The day after Kristallnacht, the November night in 1938 when the Nazis rampaged through synagogues and Jewish-owned businesses, his grandfather took him down to the river where they gathered the torn, sodden pieces of the Torah scrolls, which had been discarded like so much garbage.
His grandfather then told the 8-year-old boy that it was now his job to preserve and protect those pieces of parchment and stitch them back together.
“This story provides the trope for understanding the shape and direction of his life,” said Rabbi David Ellenson, president of HUC-JIR, in the eulogy he gave for his predecessor and mentor on September 14 at Cincinnati’s Plum Street Temple.
Gottschalk died September 12, at age 79, 10 months after suffering grave injuries in a car crash. He was buried in the same cemetery as Isaac Mayer Wise, founder of American Reform Judaism, and other former presidents of HUC-JIR.
First as dean of the Los Angeles campus, and then, from 1971 through 1996, as president of the entire HUC-JIR, Gottschalk built and expanded the Reform movement graduate schools that have trained thousands of Reform rabbis, cantors, Jewish educators and communal service workers on its four campuses.
Among other things, Gottschalk established schools of education and Jewish communal service in Los Angeles, and in the 1970s, in the heart of a recession, envisioned vastly expanded centers for Reform Judaism in Jerusalem and New York.
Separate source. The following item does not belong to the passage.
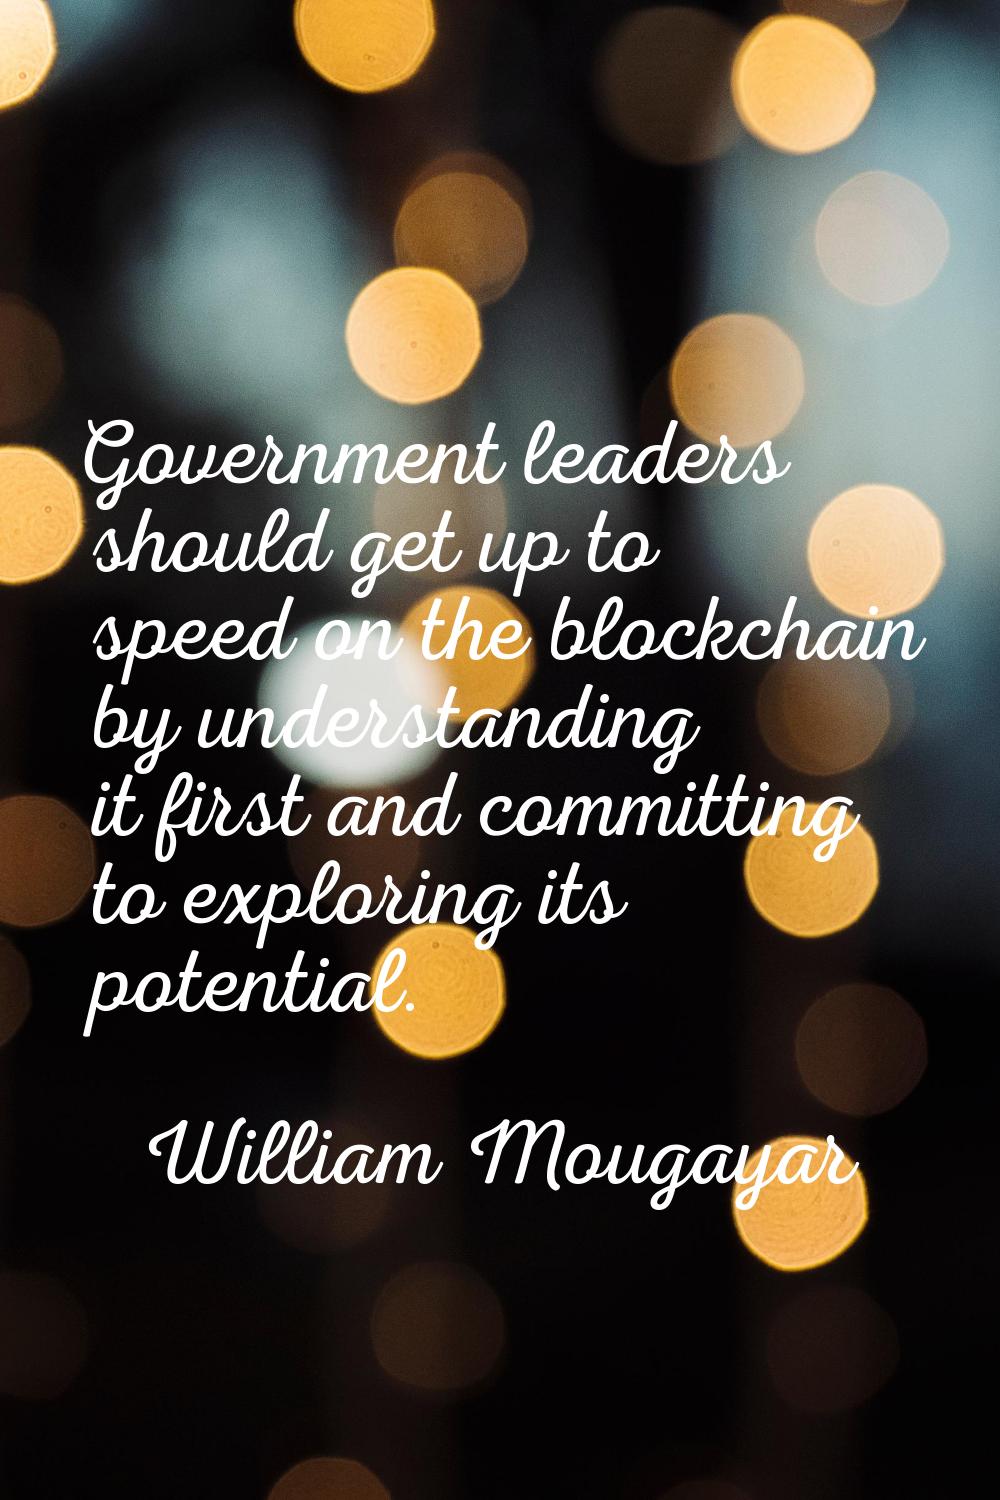 Government leaders should get up to speed on the blockchain by understanding it first and committin

In 1979, he moved the New York school, which was in a small Upper West Side space, to the campus he built adjacent to New York University in the West Village.
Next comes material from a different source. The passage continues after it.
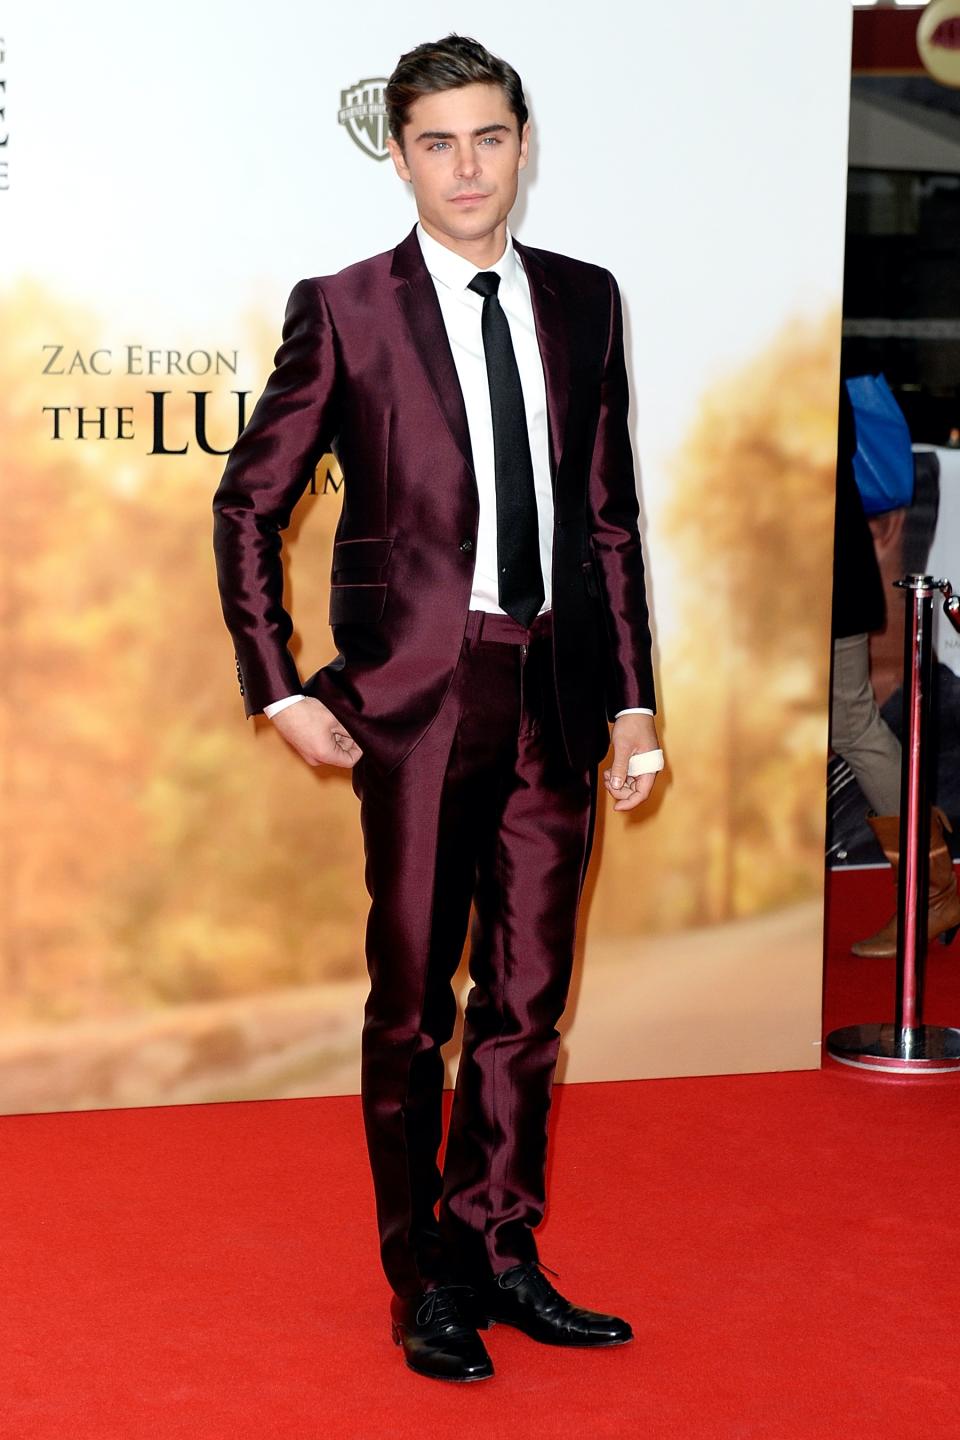 Zac Efron, suits, suiting, loafers, brogues, shoes, footwear, menswear, men's style, celebrity style, celebrity red carpet, red carpet, premiere, The Lucky One, Germany

He was progressive: In 1972, in the face of great controversy, he ordained the world’s first female rabbi. He was the first to ordain a Reform rabbi in Israel, in 1980, and in 1992 he ordained Israel’s first female rabbi. He also welcomed openly gay and lesbian students starting in the late 1980s and early ’90s, Ellenson said.
His early childhood was shaped by the Nazi persecution that forced his father to flee the Rhineland, where his family had lived for generations, just ahead of Nazi arrest. When he was 9, a Nazi entered his classroom and screamed: “Jews, raus! [out], raus! RAUS!”
“So much of his life’s work on behalf of the Jewish people and humanity was motivated and had its source in this incident,” said Ellenson, who recalled the tone of “sadness, humiliation, and fury of 50 years” with which Gottschalk recounted the story at a conference years later.
Soon after that, the young Gottschalk and his mother joined his father in America, settling in Brooklyn. “Fred” Gottschalk, as he was called, became a semiprofessional football player after graduating from Boys High School, earning money that helped support his mother and an aunt and uncle.
But he decided to become a rabbi at age 15, influenced by the guidance he found from rabbis and by the anti-Nazi speeches of Rabbi Stephen Wise, a renowned Reform rabbinic leader.
Gottschalk is survived by his wife, Deanna; two children, Marc Gottschalk and Rachel Brenner, and five grandchildren. A first marriage ended in divorce. Two stepsons and their four children also survive Gottschalk.